On cross-examination, Jocson, when asked why he and his companions brought AAA to Barangay Vergara and not to Barangay Hulo where Interior Mangahan is located17 and why they were "patrolling" outside their jurisdiction,18 replied that they were called because of AAA and that it was his companions who proposed that she be brought to Barangay Vergara.19 Asked if he knew how appellant learned that they were bringing AAA to Barangay Vergara, he replied that appellant just suddenly showed up at the place where they found AAA.20

Still another defense witness, Casiver, a Bantay Bayan of Barangay Hulo, declared21 that at about midnight of June 30, 2000, a bantay bayan of Barangay Vergara, together with AAA and her mother, visited him at Barangay Hulo and told him that they would file a complaint against appellant. Casiver visited appellant at his house and told him to go to the barangay hall where AAA had pointed to him as having raped her.

By Decision22 of July 22, 2003, the RTC found appellant guilty of rape, sentencing him to suffer reclusion perpetua and to indemnify AAA in the amount of P50,000 as civil indemnity, P50,000 as moral damages, and to pay the costs.

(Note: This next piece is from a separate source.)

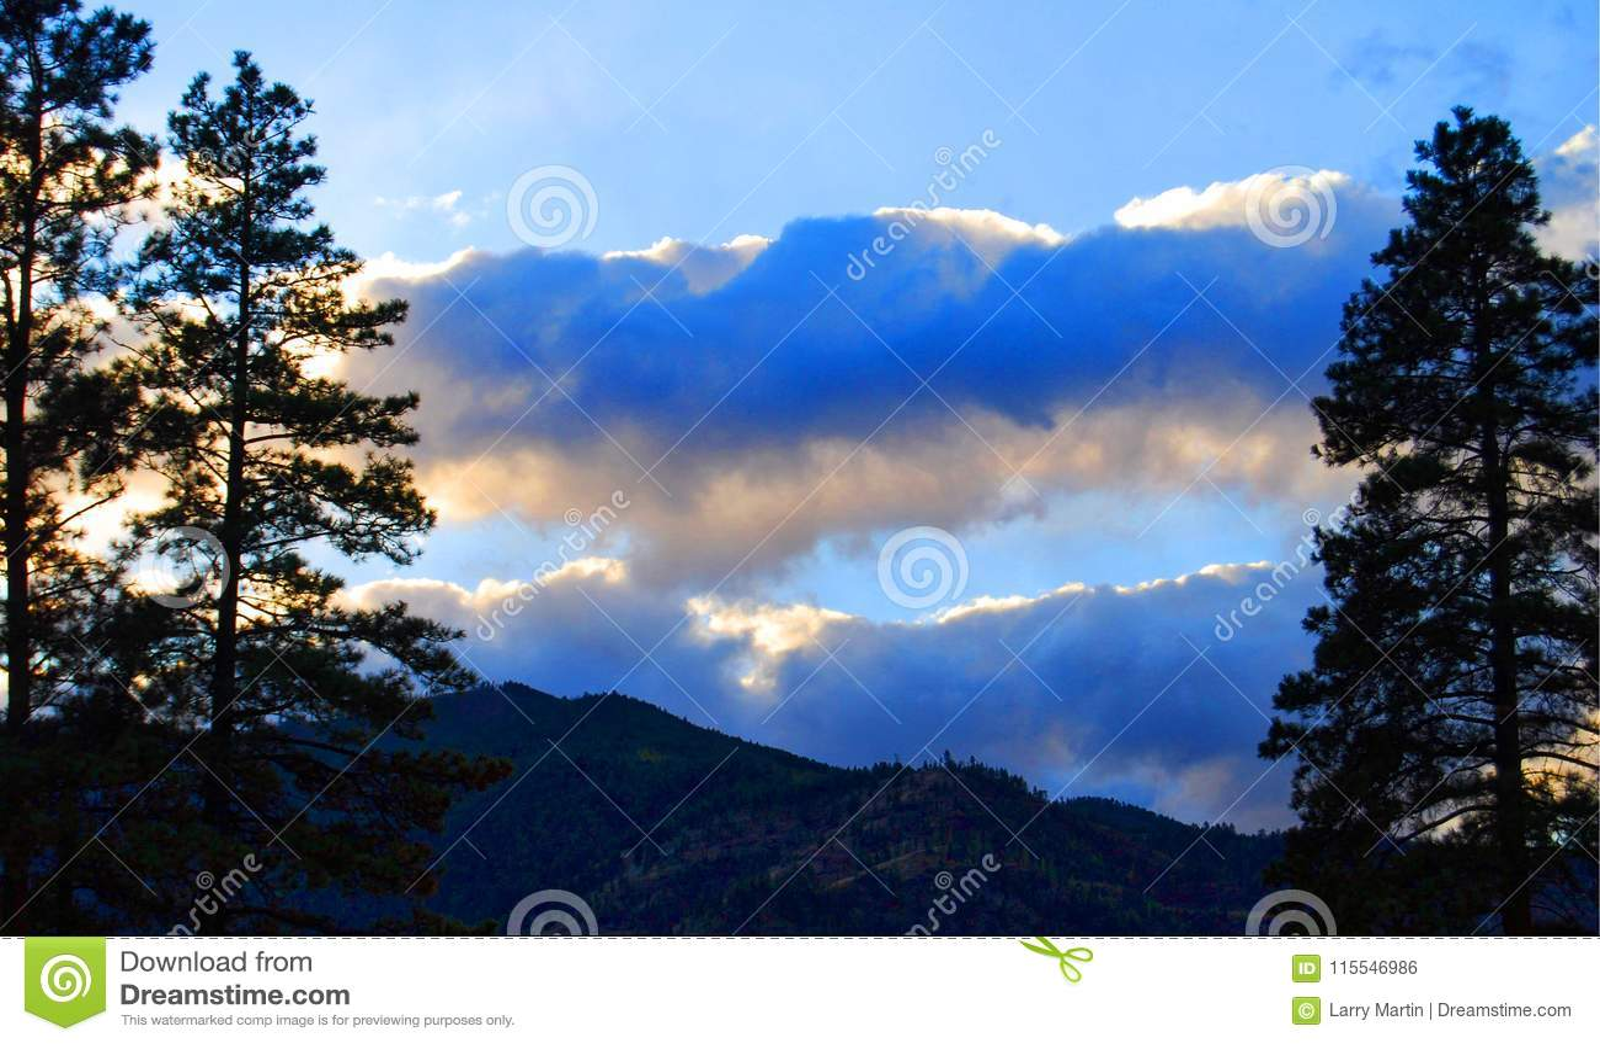 Sapphire Mountains Montana Map.Sunset Over Sapphire Mountains Montana Stock Photo Image Of

On appellant’s appeal to this Court,23 it referred24 the case to the Court of Appeals for intermediate review pursuant to People v. Mateo.25

In his Brief, appellant argued, inter alia, as follows, quoted verbatim:

x x x The private complainant, in this case, claimed that the accused-appellant forcibly took her to an area filled with trees where he allegedly sexually abused her. The said place was far from where she was taken and they merely walked the distance but surprisingly, she did not run away from the accused even when the latter was walking ahead of her. Likewise intriguing is the private complainant’s statement that she was with some friends when she was watching people pass by at Hulo and yet nobody saw the accused appellant grabbed her. Her well-chosen time to look at passer[s] by is also worth noting. It was already late at night and her mother was already asleep. Then after her alleged ordeal, she did not go home because she was allegedly afraid and decided to sleep in a stranger’s house. Her physical appearance also did not match her claim that she was ravaged in a wet place. Despite her allegation that the accused pulled her, there was no manifestation of any physical abuse. Had the accused really pulled her, her hands should have incurred hematomas.26

x x x x

The accused-appellant interposed the defense of alibi and denial. He has been able to account for his whereabouts at the alleged time and date. When the accused puts up the defense of alibi, the courts should not at once have a mental prejudice against him, as there are situations where an accused can have no possible defense but alibi, as that could really be the truths as to his whereabouts at the time in question. The oft-cited truism that alibi is one of the weakest defenses has never been intended to dispel it altogether. To be sure, there is an equally acceptable doctrine which posits that there are instances when it just happens to be the plain and simple truth. Parenthetically, alibi gains considerable strength in the face of unreliable identification of an accused to be the perpetrator of the crime.27 (Emphasis and underscoring supplied)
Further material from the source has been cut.